TASK TO COMPLETE.
All pictures are to be dropped, and everything else in the data duplicated exactly.

SOURCE DATA.
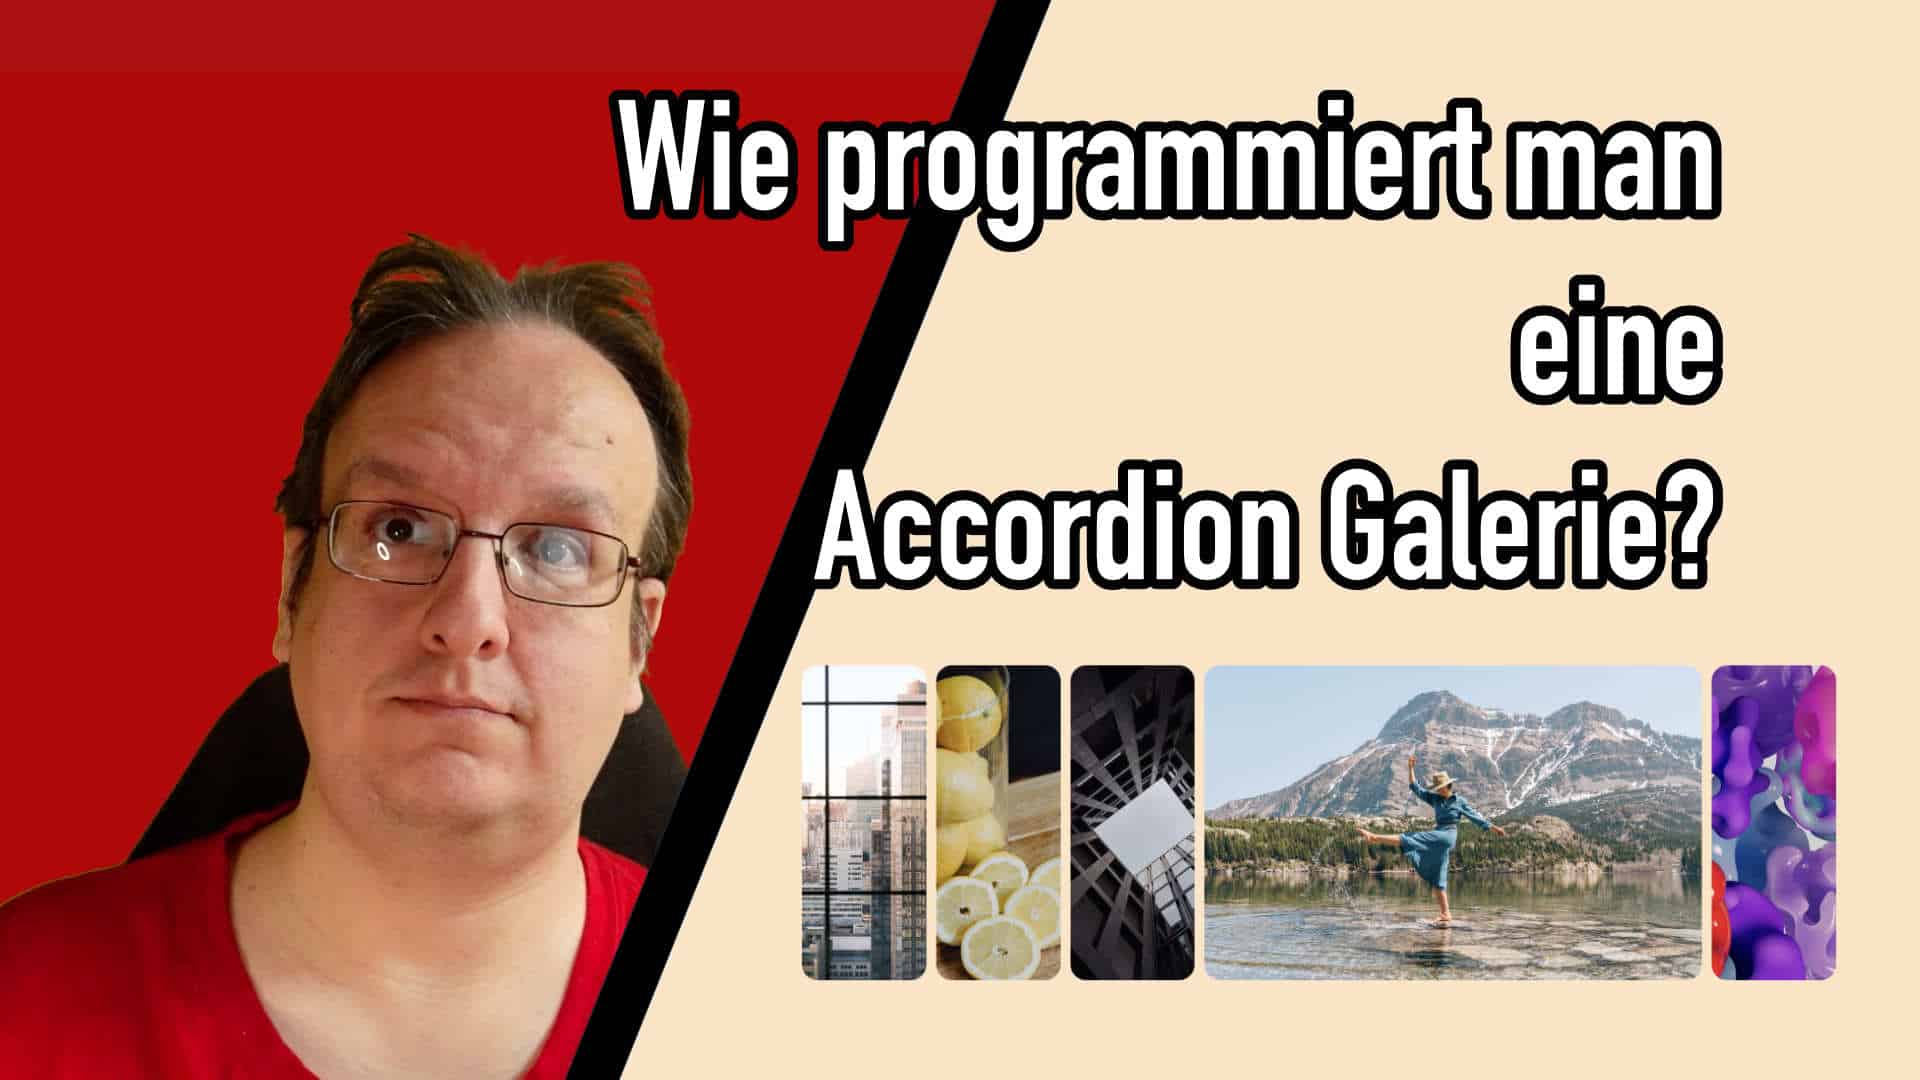 Wie programmiert man eine Accordion Galerie? (HTML & CSS)
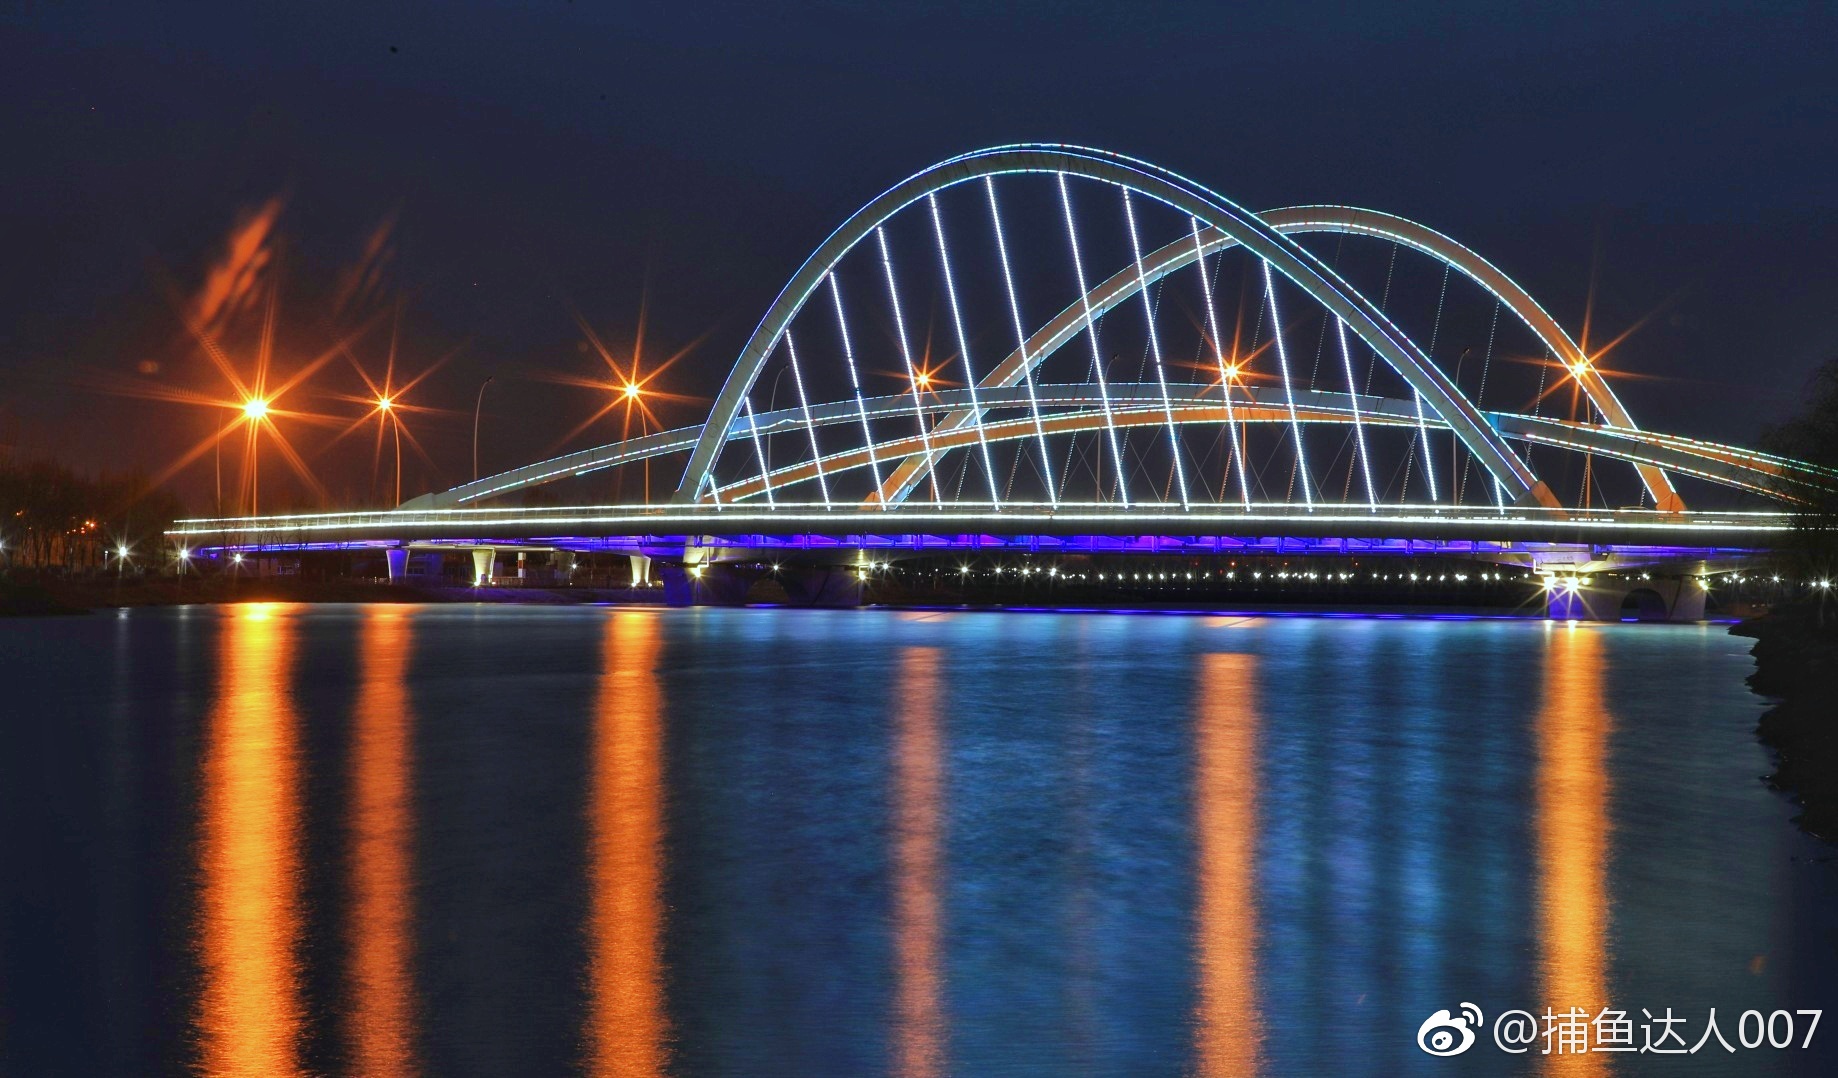 忻州云中河夜景@中国摄影师联盟
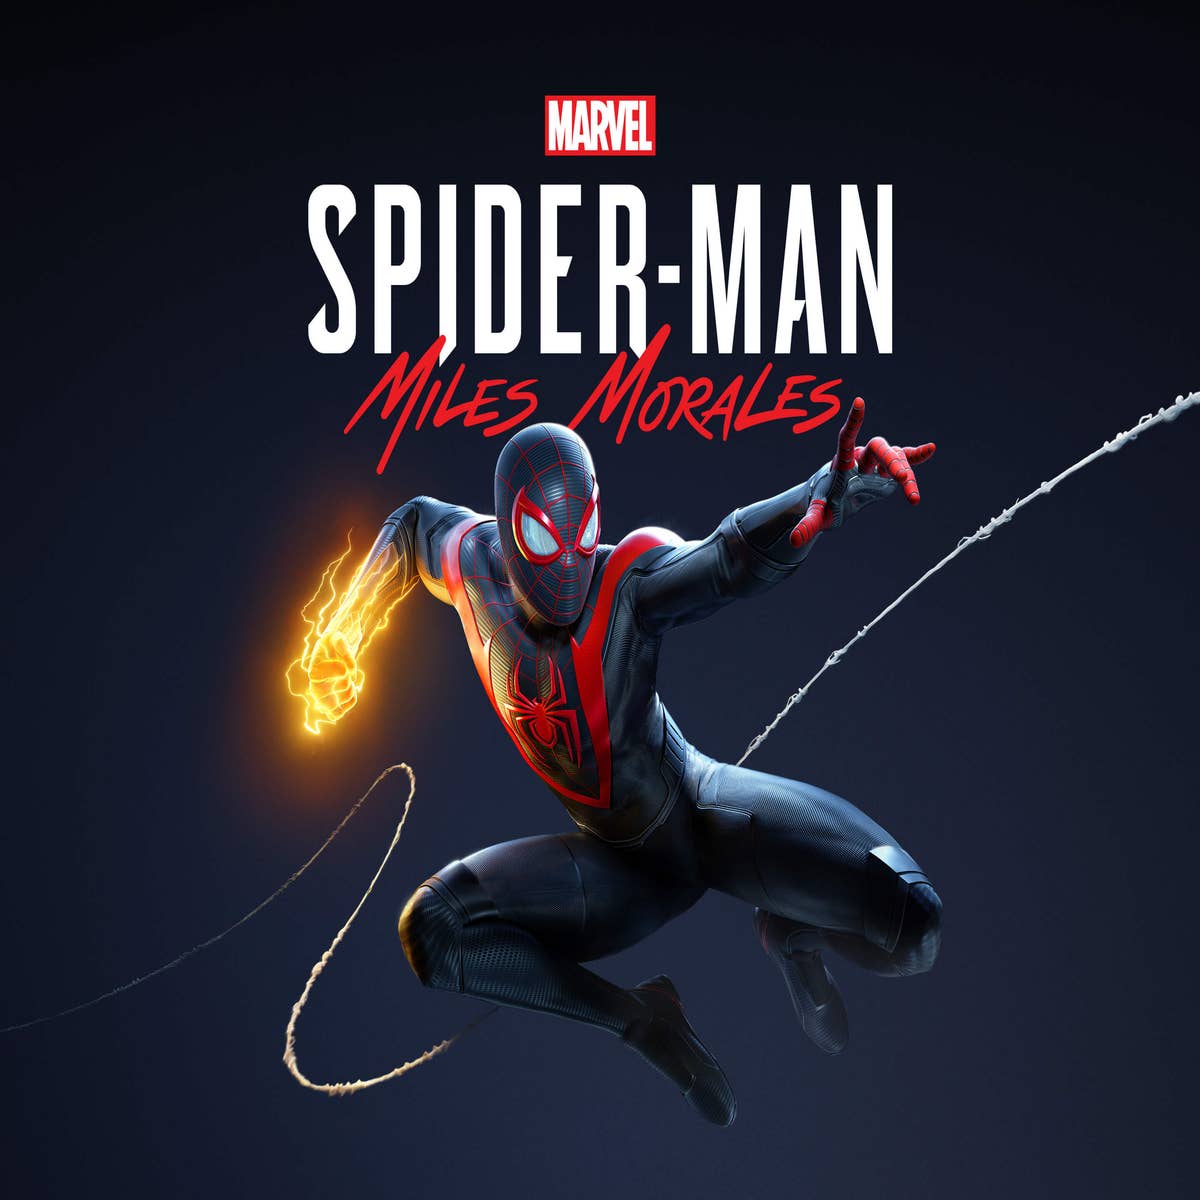 Jogos Spider-Man da Sony já venderam mais de 33 milhões de unidades

PROBLEM SOLUTION.
 Wie programmiert man eine Accordion Galerie? (HTML & CSS)
 忻州云中河夜景@中国摄影师联盟
 Jogos Spider-Man da Sony já venderam mais de 33 milhões de unidades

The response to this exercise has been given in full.